Kautz R A, Fox R O
Department of Molecular Biophysics and Biochemistry, Yale University, New Haven, Connecticut 06511.
Protein Sci. 1993 May;2(5):851-8. doi: 10.1002/pro.5560020514.
Thermally unfolded staphylococcal nuclease has been rapidly quenched to temperatures near 0 degree C and the refolding behavior examined using an NMR kinetic experiment. Unfolded protein, exhibiting random coil chemical shifts, persists following the quench and refolds in two distinct kinetic phases. A protein folding intermediate with a trans Lys 116-Pro 117 peptide bond is transiently overpopulated and relaxes to the predominantly cis native cis-trans equilibrium. The rate of trans-->cis isomerization in the native-like nuclease intermediate is approximately 100-fold faster than that observed in a Lys-Pro model peptide. The activation enthalpy of 20 kcal/mol observed for the nuclease Lys 116-Pro 117 peptide bond is comparable to that observed for other X-Pro isomerizations.

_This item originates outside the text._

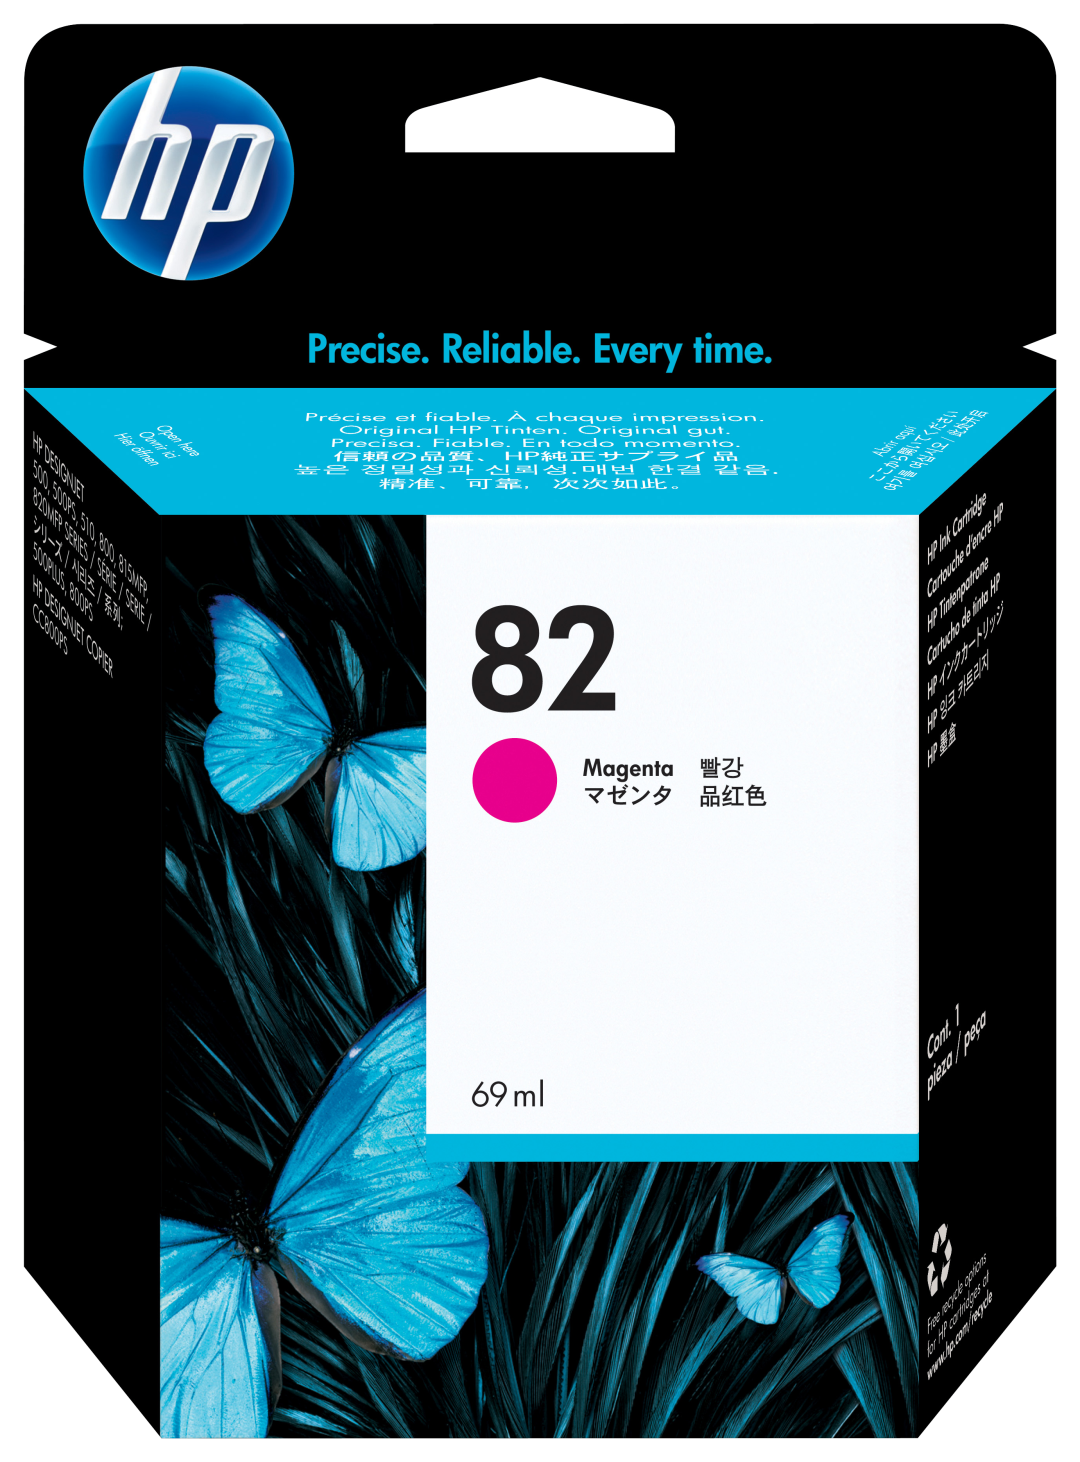 Картридж для печати HP Картридж HP 82 C4912A вид печати струйный, цвет Пурпурный, емкость 69мл.

热变性的葡萄球菌核酸酶已被迅速淬灭至接近0摄氏度的温度,并使用核磁共振动力学实验研究其重折叠行为。淬灭后,呈现无规卷曲化学位移的未折叠蛋白持续存在,并以两个不同的动力学阶段进行重折叠。具有反式赖氨酸116-脯氨酸117肽键的蛋白质折叠中间体短暂地过度富集,并松弛到主要为顺式的天然顺反平衡状态。在类天然核酸酶中间体中,反式→顺式异构化的速率比在赖氨酸-脯氨酸模型肽中观察到的速率快约100倍。核酸酶赖氨酸116-脯氨酸117肽键观察到的20千卡/摩尔的活化焓与其他X-脯氨酸异构化观察到的活化焓相当。